In London, in Twickenham, a leafy, affluent suburb, a bus driver crashed his vehicle into a crowded shopping mall killing seven people and injuring many more. When arrested, he claimed he was standing up for the English who were tired of political correctness in the country.
The first riots broke out in Britain’s capital when the Agency’s aircraft lifted off from JFK. They spread to Berlin when they were halfway across the Atlantic.
‘We’ve got to shut this down. Fast,’ Beth said soberly, as they followed the news on the onboard TV.

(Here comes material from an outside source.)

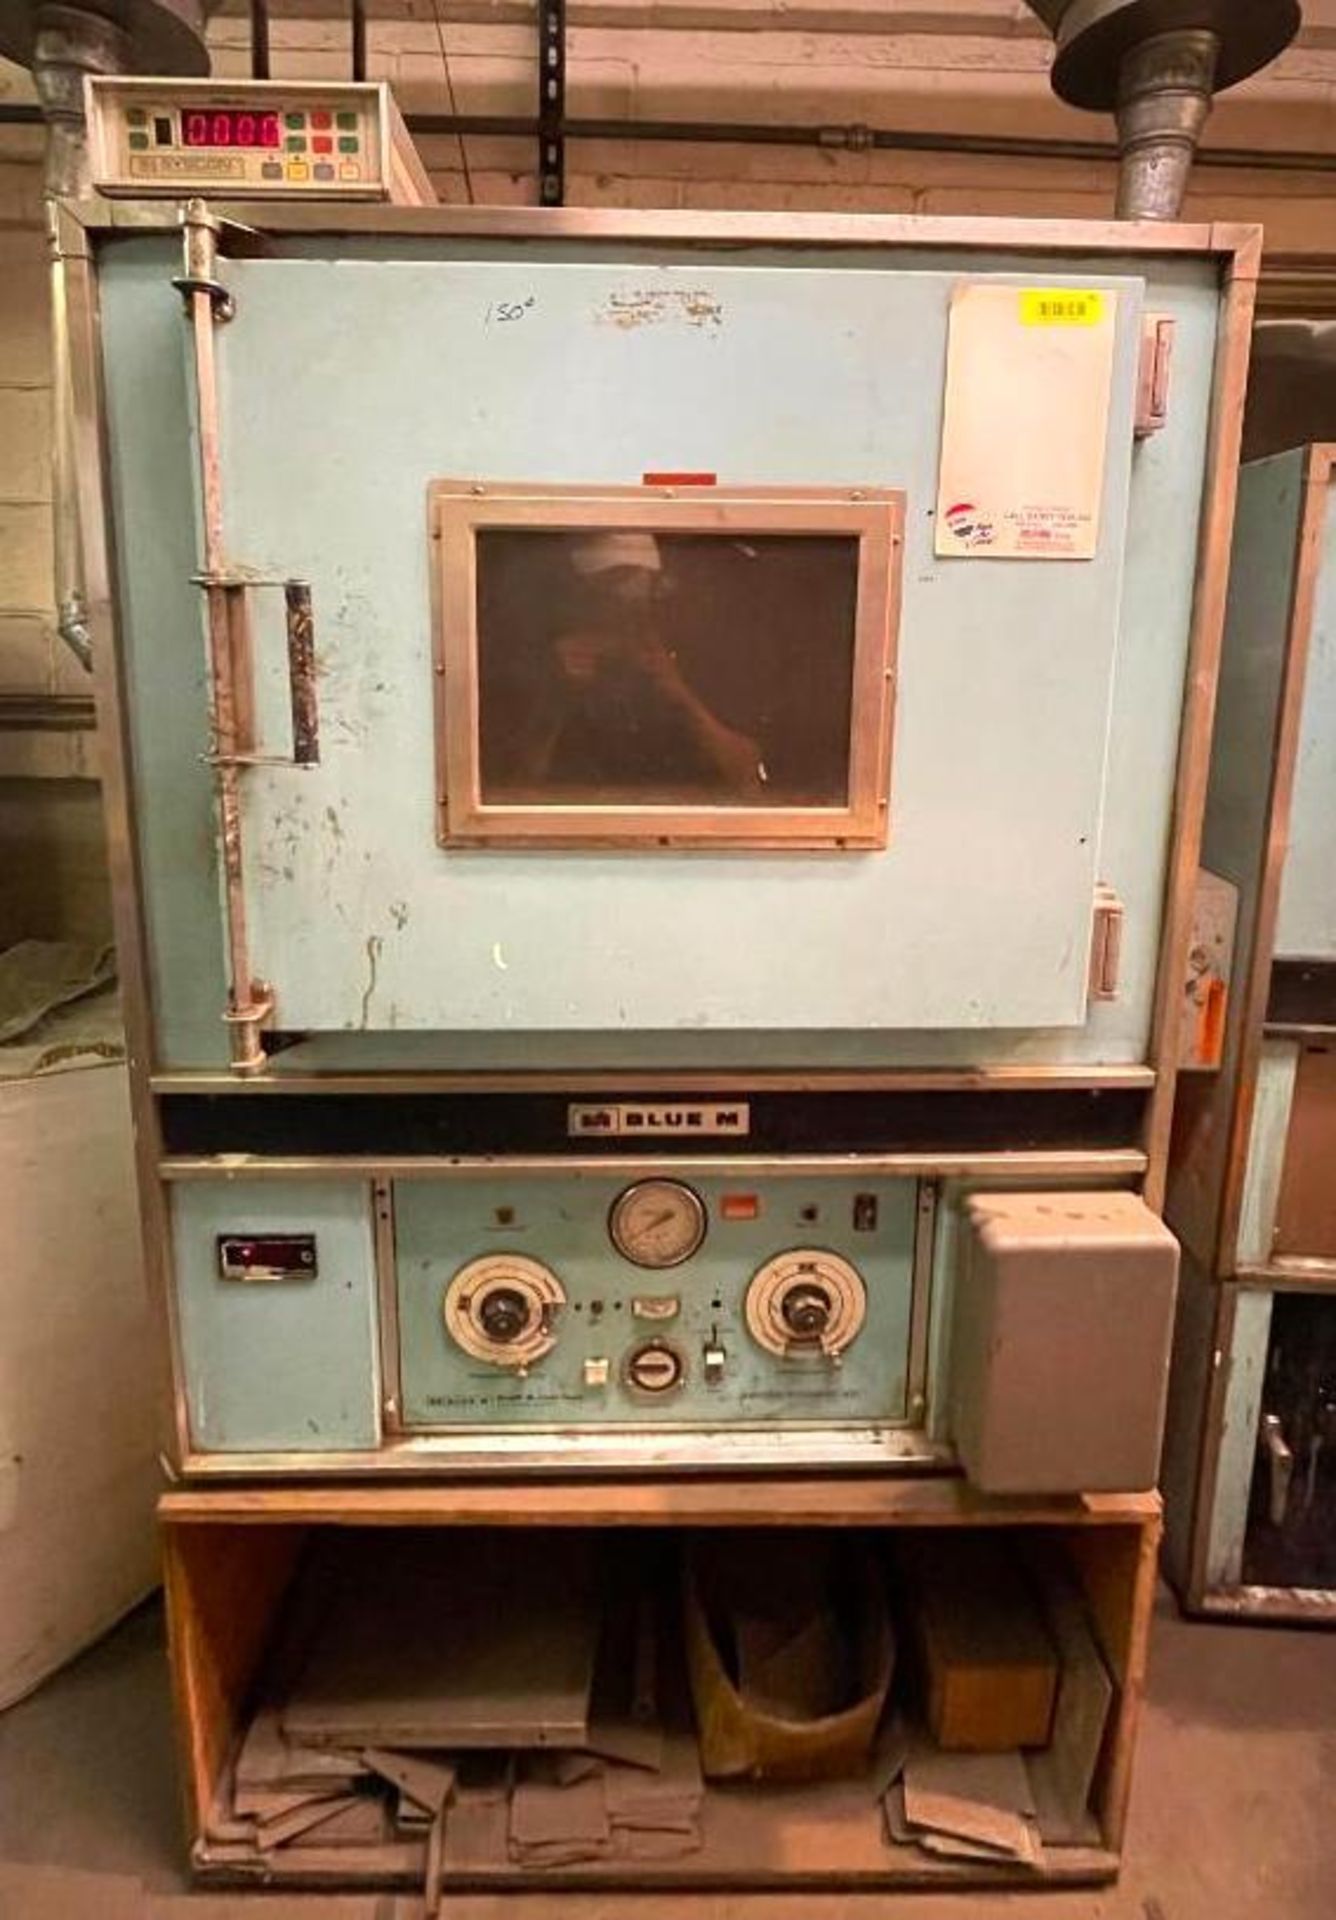 BLUE M POWER-O-MATIC 70 INDUSTRIAL OVEN W/ SYSCON DIGITAL TEMPERATURE INDICATOR BRAND/MODEL: BLUE M
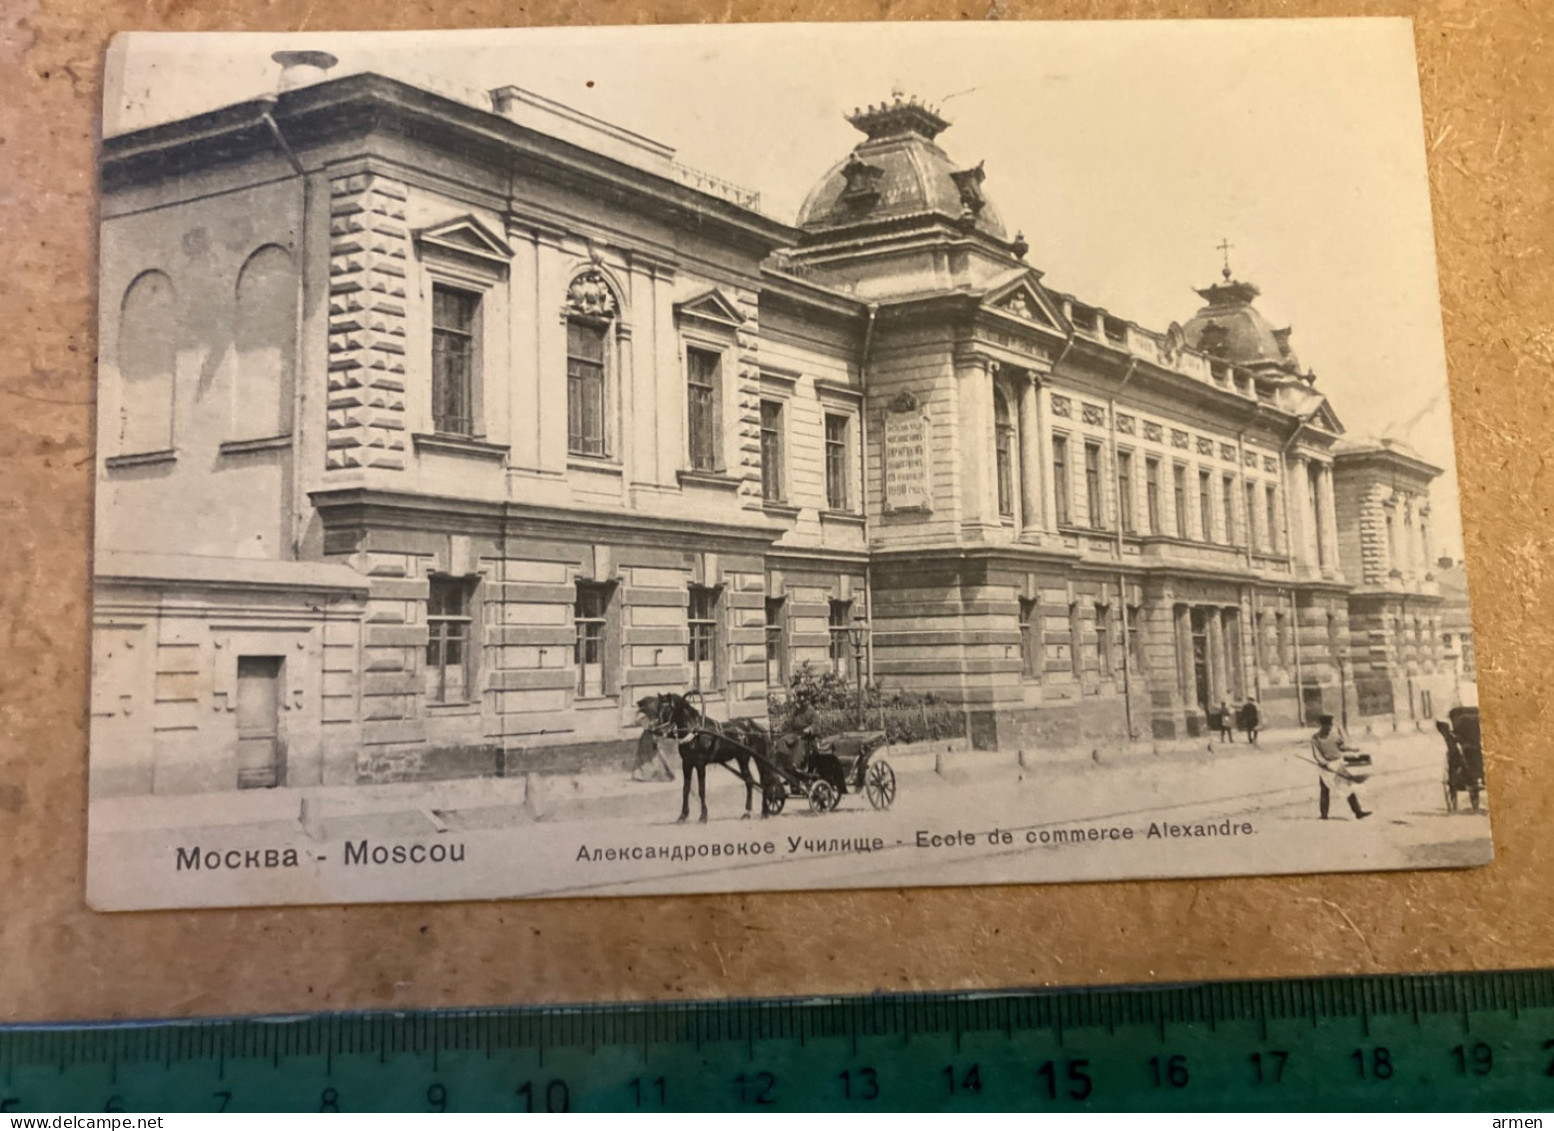 Cpa Russie Russia Moscou Moskba Moscow - École De Commerce Alexandre 1911 - Russia

‘What do we know of this gang?’ Zeb asked in reply.
‘Nikolai Tverskoy, pakhan, the boss. An orphan, found in Moscow, in the Tverskoy neighborhood, from which he took his name. Juvie record of shoplifting, assault. Graduated into dealing and as he grew older, kidnapping, extortion. Killed his first victim when he was nineteen. Served three years in prison. Seemed to make political connections because he was released early and after that, he rose fast. He’s smart. He’s got connections, like all the gangs, but he’s one of the few gangs who are active in cybercrimes.’